Наконец, неизбежное настало. Однажды, весенним утром, дверь стеклянного крыльца сама собою отворилась и вошедшие, подрядчик и инженер, в изумлении остановились на пороге, в то время как Зевс, не замечая их, оголенный до пояса, продолжал поднимать над головою свою отделанную медью гирю неестественной величины. И вот, как ни унизительно было вторжение, подобное полицейскому обыску в заповедной области сонных видений, все было осмотрено, обмерено, и участь дворца была решена.

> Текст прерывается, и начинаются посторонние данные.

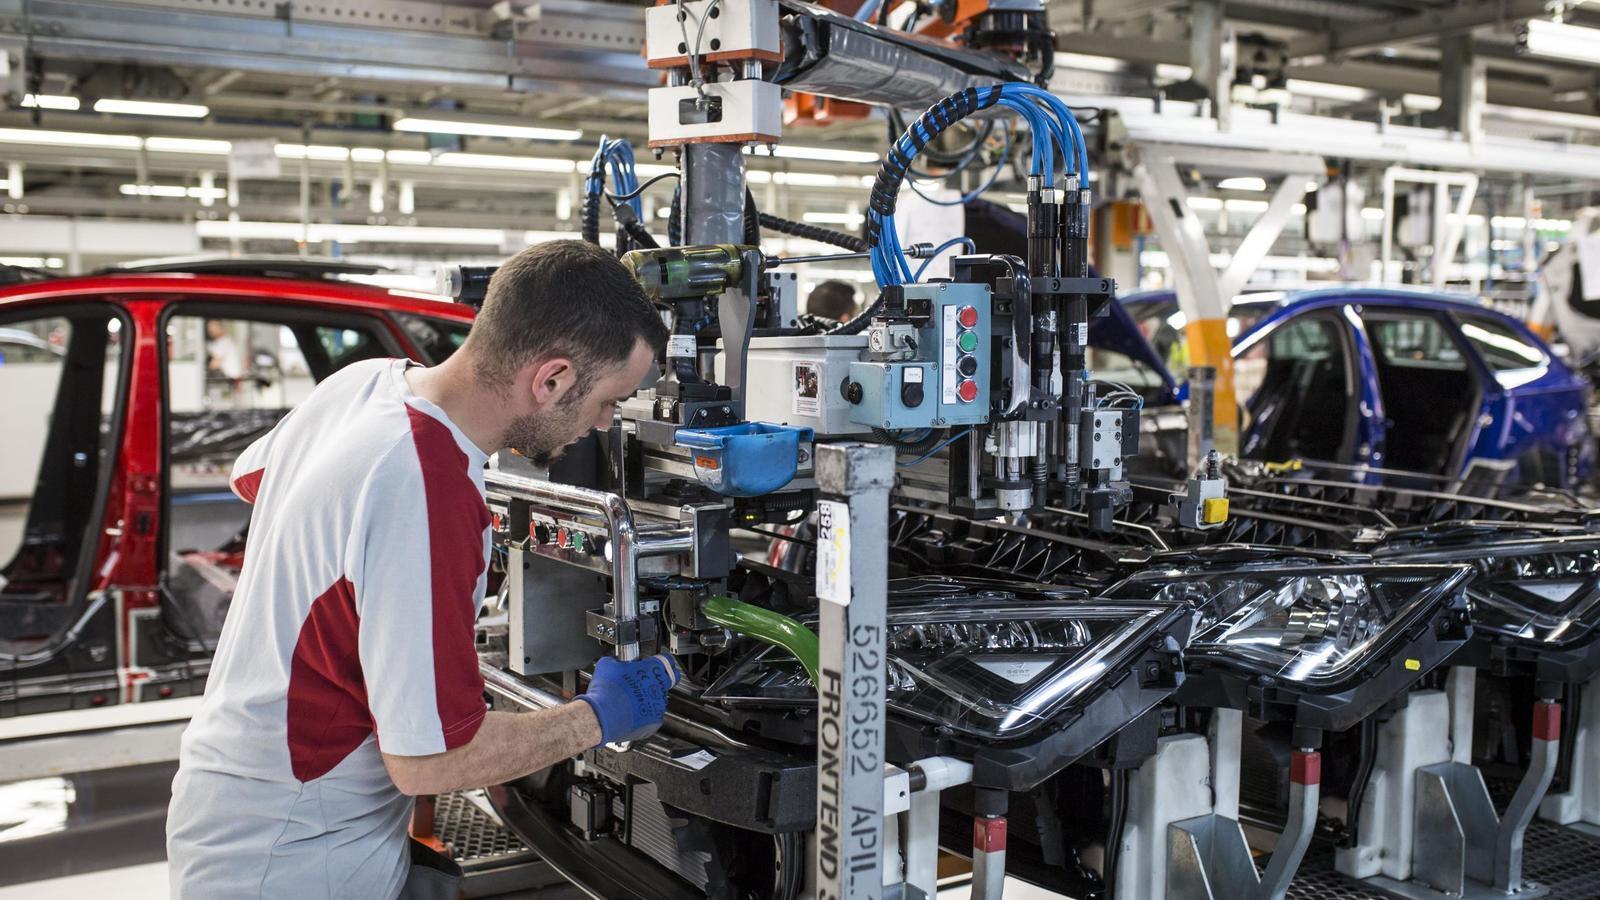 Seat contractarà 250 nous treballadors a Martorell

Помню. Никогда не забуду наше прощальное скитание по комнатам, которые мы должны были покинуть, подобно душе, уступающей свое тело червию. Сколько заповедных углов и подоконников было осмотрено и навек оставлено за поворотом коридора. Мы еще раз осмотрели комнату воды и картинную галерею, прошли по чердакам и долго жгли в печурке бесполезные и загадочные коллекции Безобразова, не желая оставлять их неприятелю. То были фотографические альбомы неизвестных семей, золоченые туфли для карликовых ног и флаги многих государств. Все это, политое керосином, горело шумно и быстро исчезало, оставляя неузнаваемые следы. И наконец, когда все уже было готово и гири, шары и книги наши уже отвезены в цветочную лабораторию, мы собрались еще раз вокруг ярко раскаленной печки и, опустив головы и подперев их ладонями, молча смотрели на пламя.

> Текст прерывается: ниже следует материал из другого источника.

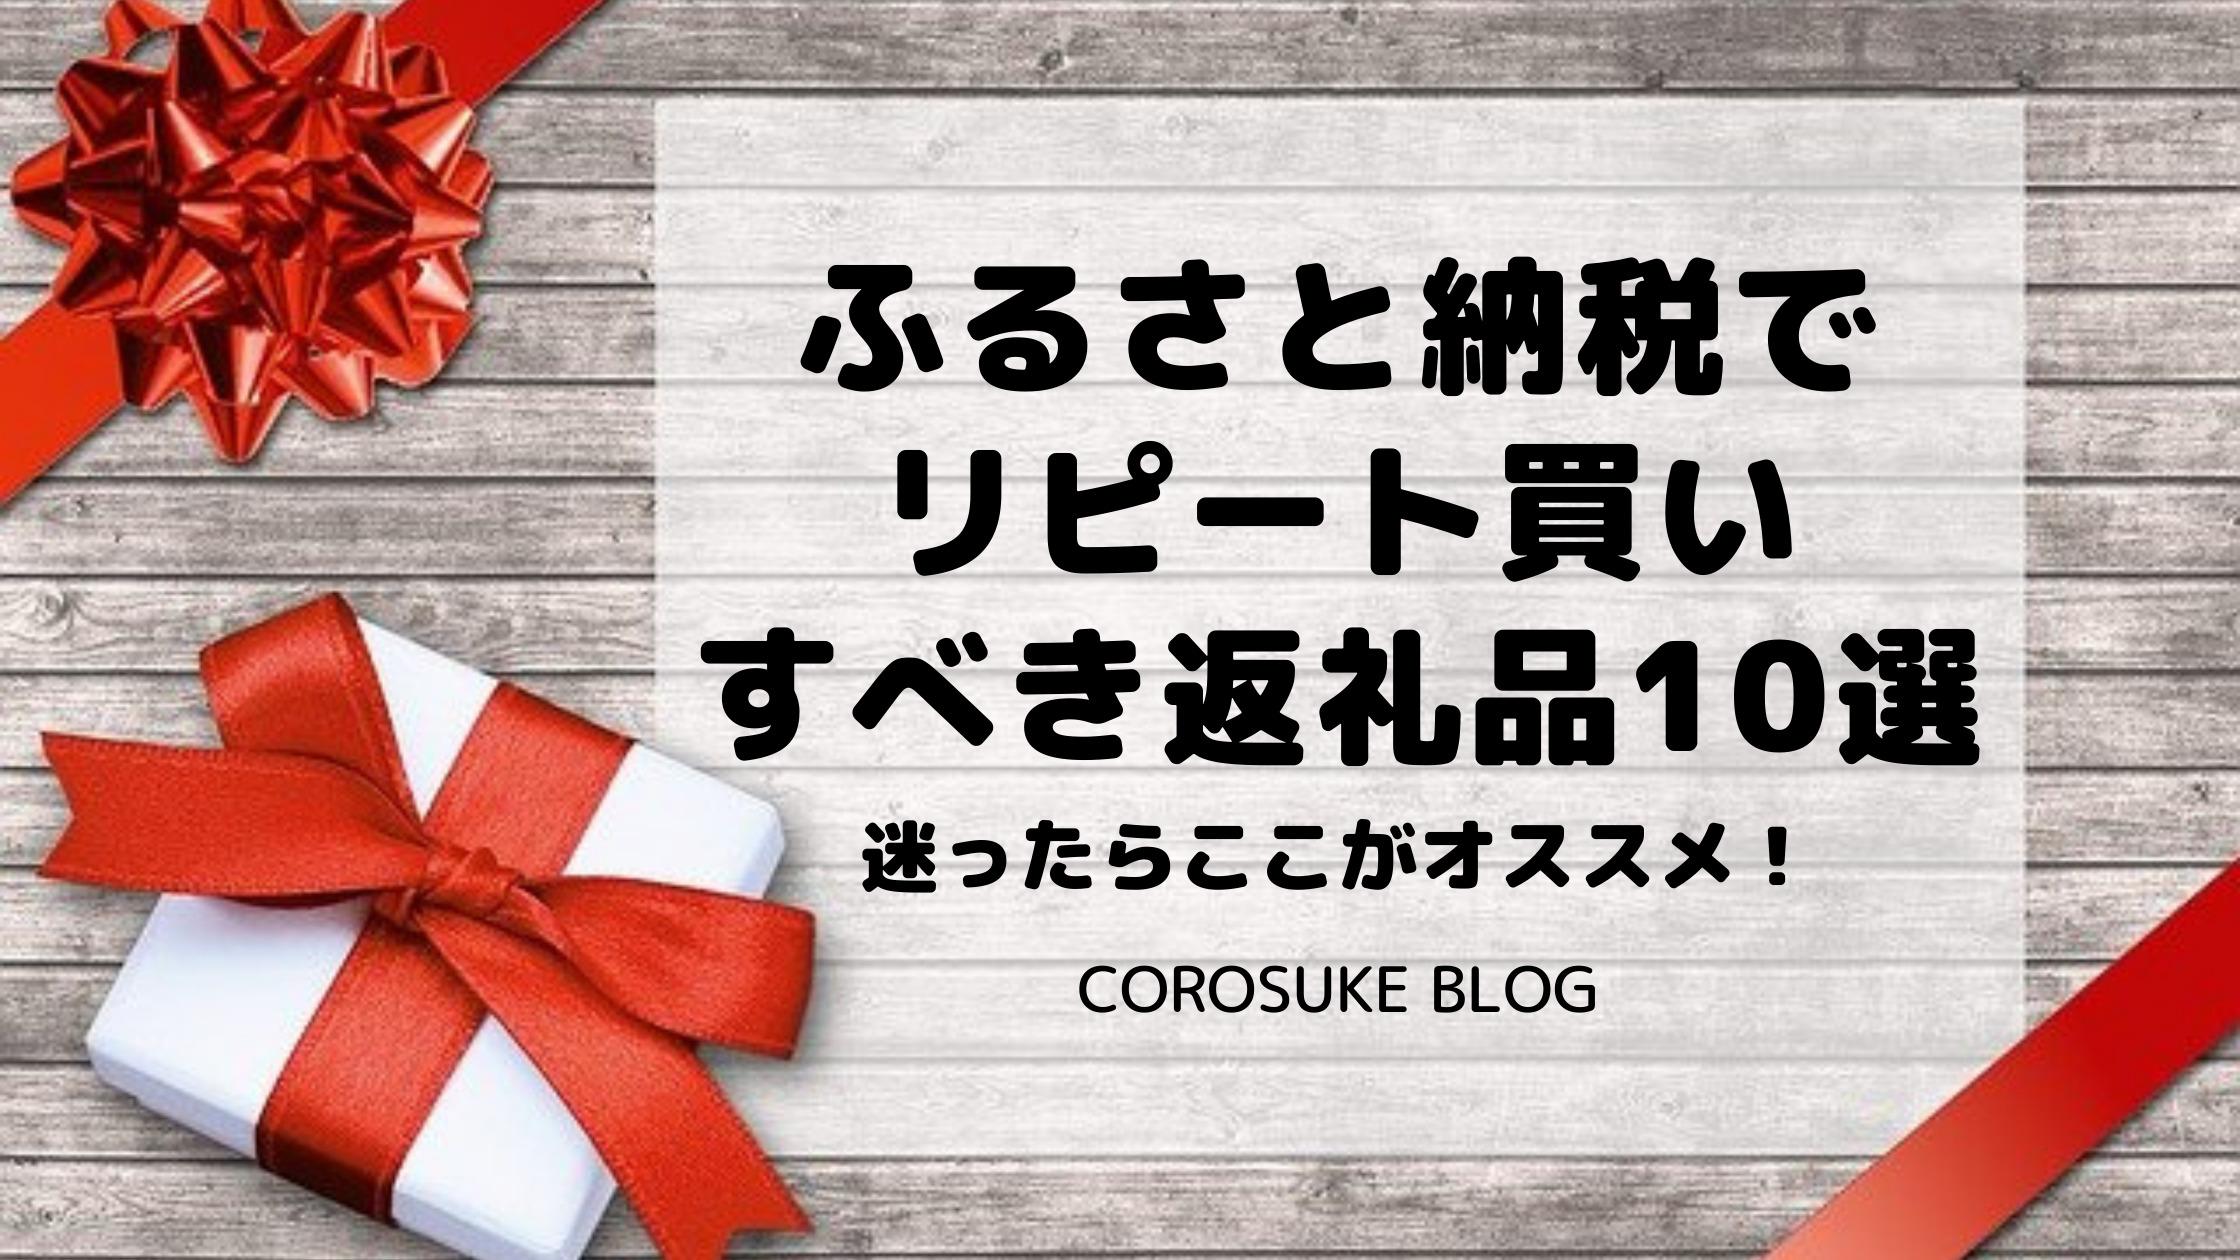 ふるさと納税でリピート買いすべき返礼品10選をブログで詳しく紹介

Уже зеленели кусты, тоже в последний раз, ибо и им предстояло быть выдернутыми с корнем, комната была полна теплого весеннего вечернего света, и, казалось, присев перед отходом, никогда не решились бы мы прервать это печальное созерцание, если б Аполлон Безобразов не встал первый и, подойдя к испорченному зеленоватому зеркалу над камином, в котором столько раз слабо отражались огоньки наших папирос, наши смятые пиджаки и небритые желтоватые лица вместе с их невозвратными выраженьями и отраженьями сада, вдруг отступив, размахнулся и железным шаром разбил высокую пыльную память зеркала. Невольно мы все встали, как бы проснулись, и за осыпавшимся стеклом в звездообразной пробоине увидели оставленную при перестройке побледневшую старинную роспись, деревцо и участок неба, куда, как будто освободившись, вдруг отлетела осужденная душа этого дома.

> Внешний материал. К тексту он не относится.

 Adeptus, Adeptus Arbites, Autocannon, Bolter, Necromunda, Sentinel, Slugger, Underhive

Затем Безобразов залил печку водою, и мы, как авгуры при пожаре Капитолия, среди клубов пара и дыма покинули прекрасный и осужденный дом.

Глава XII

Это был прекрасный день для сынов земли и жизни, но еще более прекрасный для дочерей смерти и неба.

Эдгар По

Благородство молчания и неподвижности! Не удостаивание серьезного отношения к жизни. Жажда покоя и достижение утоления этой жажды. Сидящий в удобной, но неженственной позе медленно поднимает руку:

– Как странно, что сейчас лето, и жизнь продолжает длиться, как тихо…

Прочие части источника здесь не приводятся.